## What you need to do
In the records below, repeat word for word only the lines starting at the one that contains "清明节上好茶绿色古典中国风海报素材-天天素材库设计素材 image" and ending at the one that contains "Deutsche Arbeitsfront 25", pictures excluded.

## Records for the exercise
◇ ◇ ◇

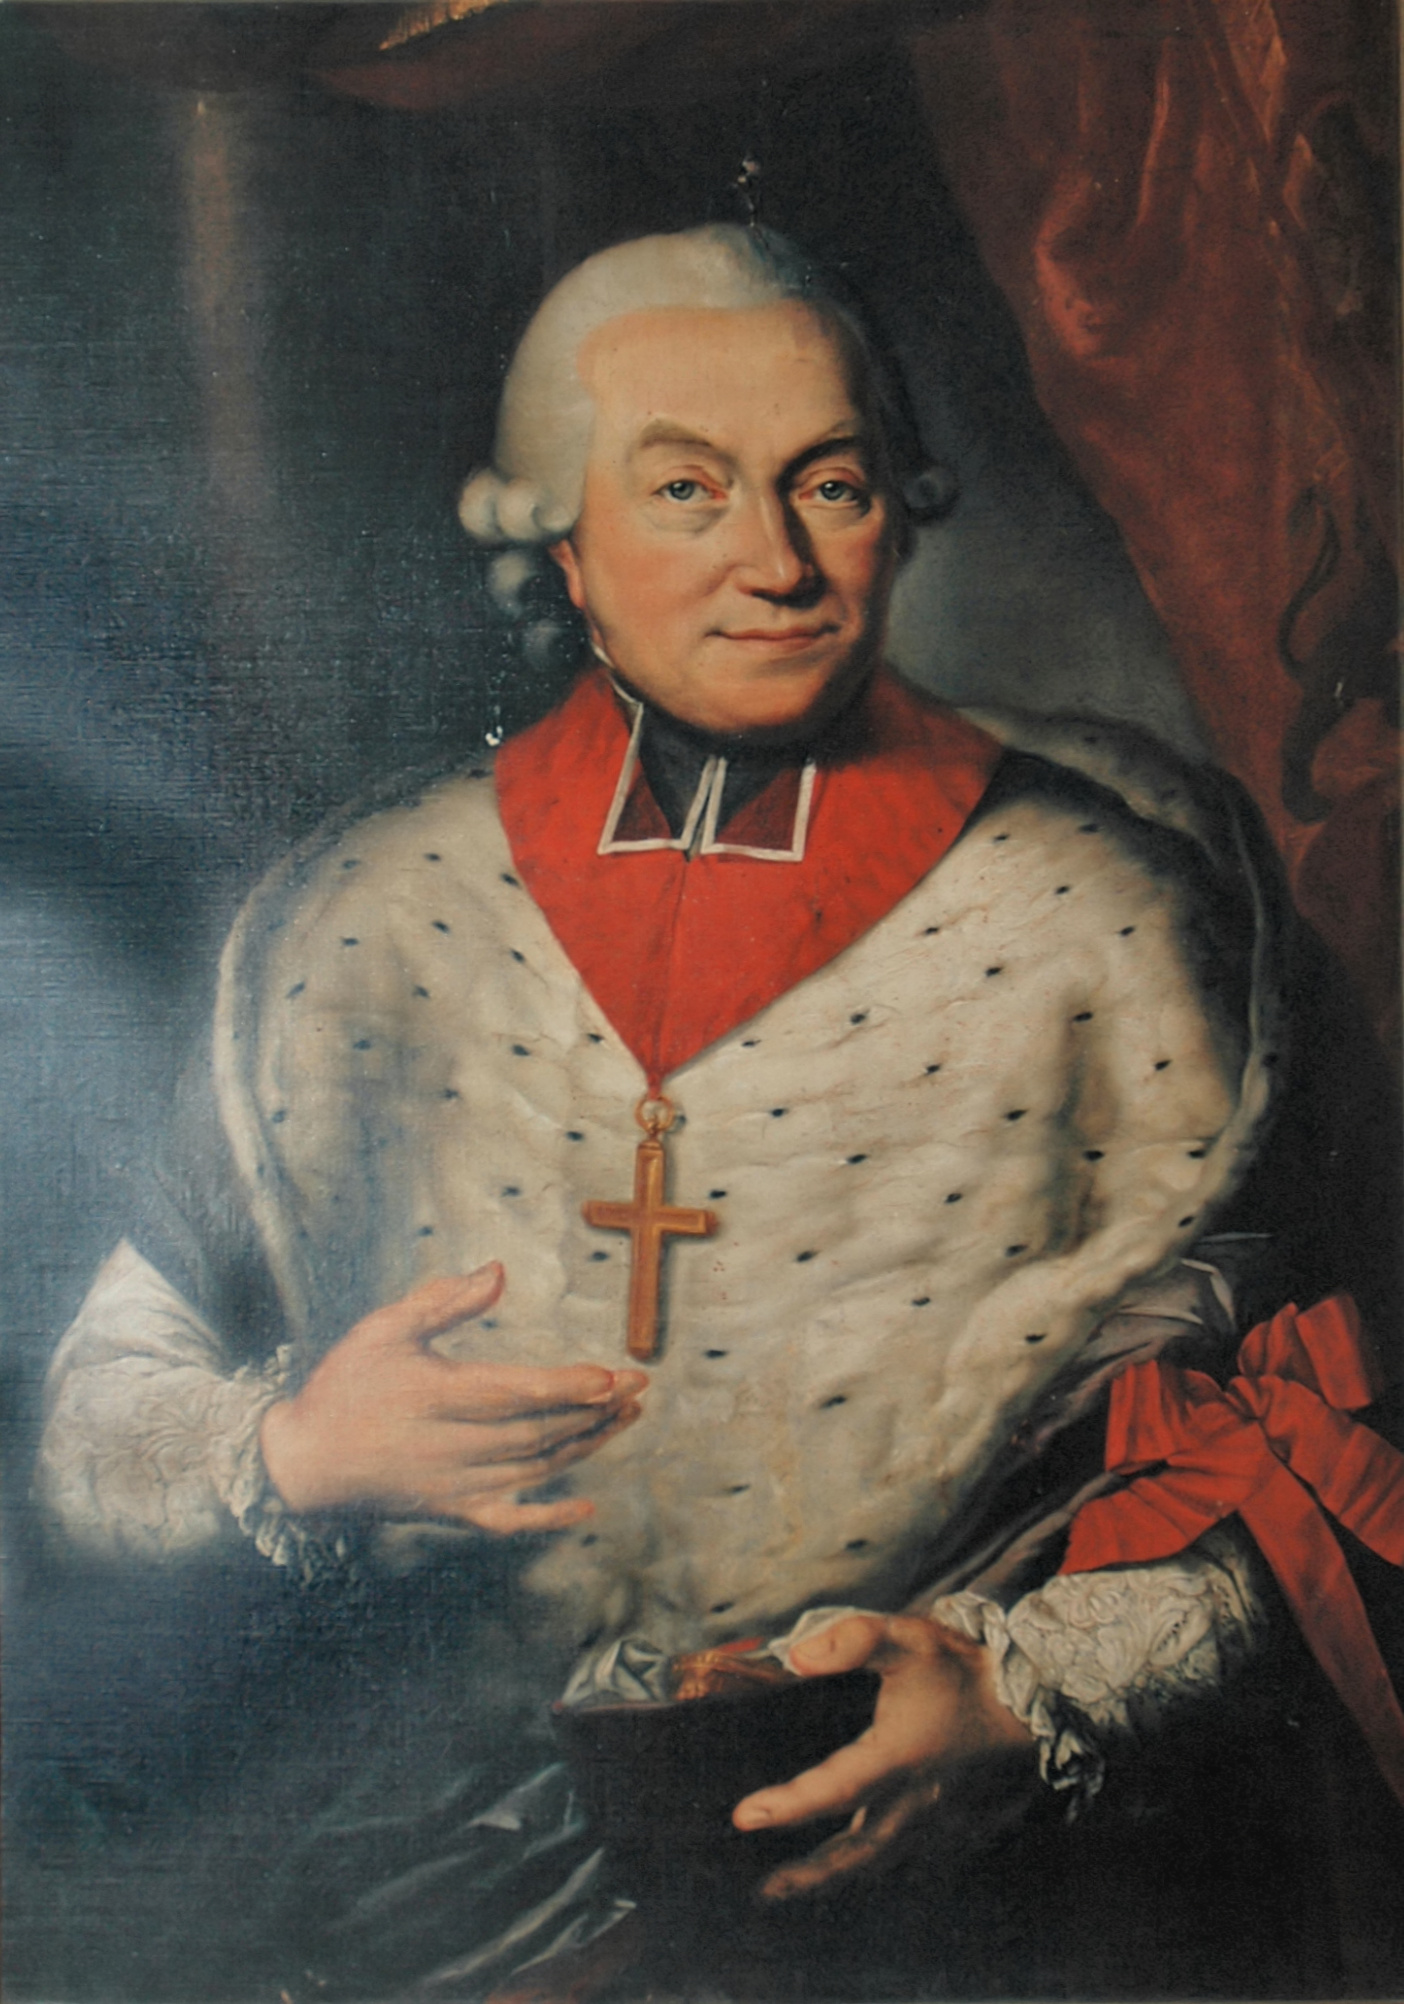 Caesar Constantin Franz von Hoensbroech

◇ ◇ ◇

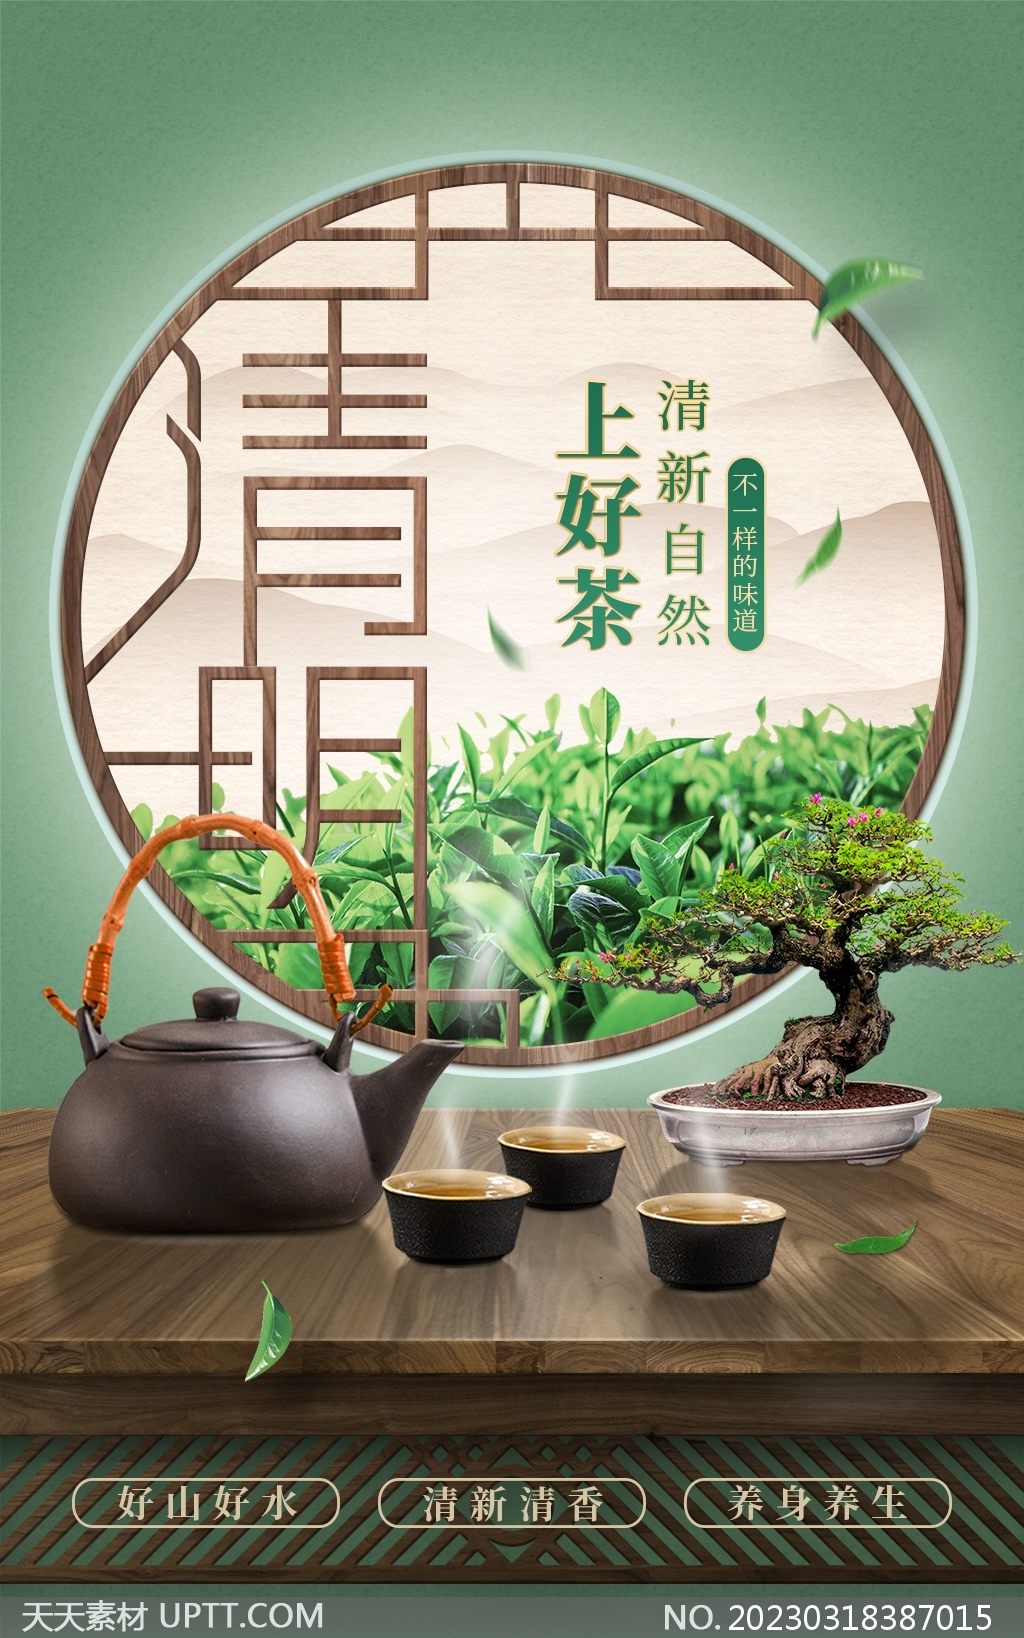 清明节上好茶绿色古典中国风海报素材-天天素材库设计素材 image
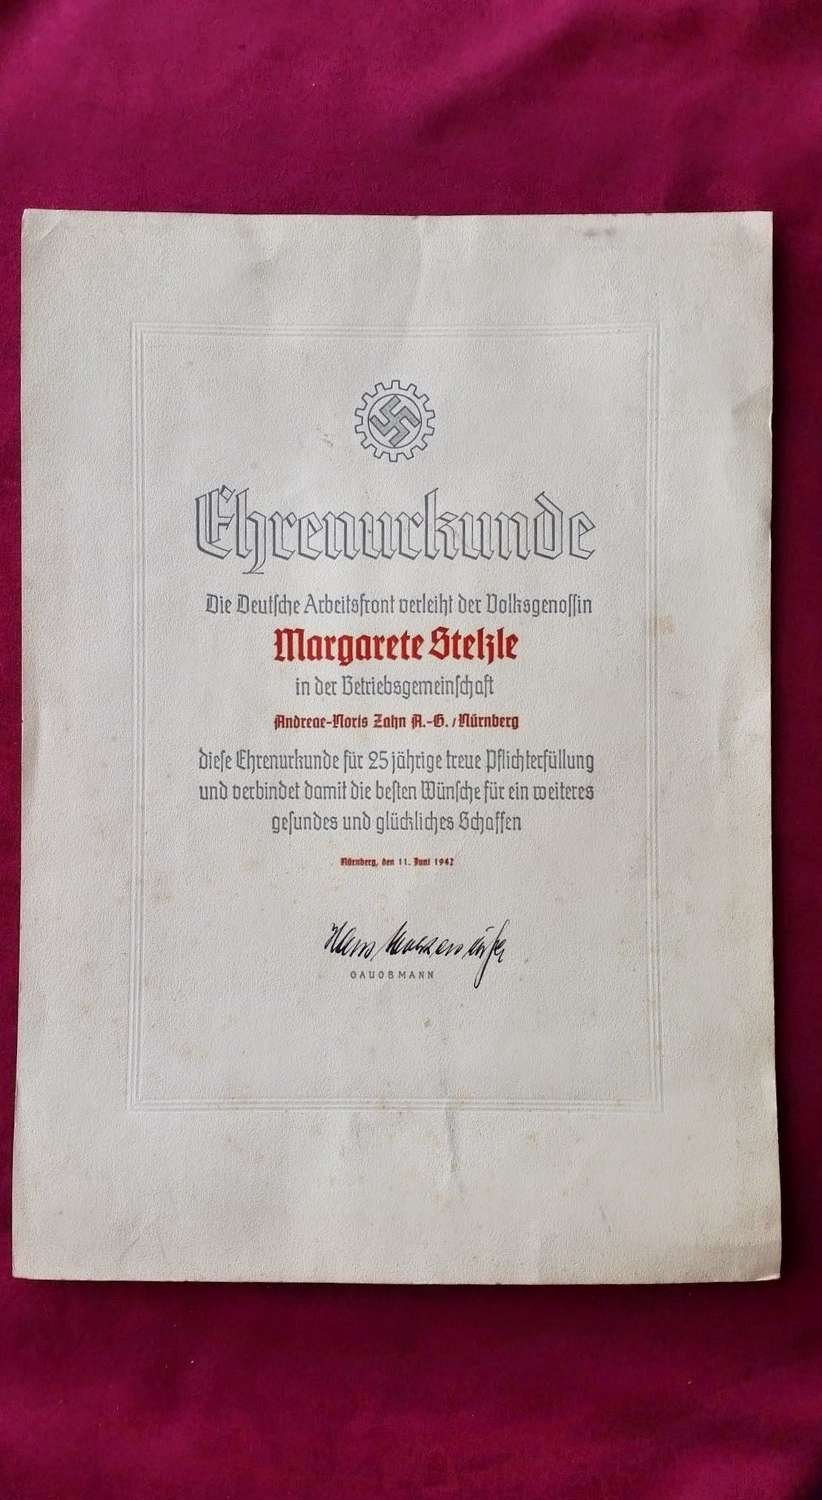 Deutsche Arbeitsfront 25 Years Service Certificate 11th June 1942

◇ ◇ ◇

## Final answer
 清明节上好茶绿色古典中国风海报素材-天天素材库设计素材 image
 Deutsche Arbeitsfront 25 Years Service Certificate 11th June 1942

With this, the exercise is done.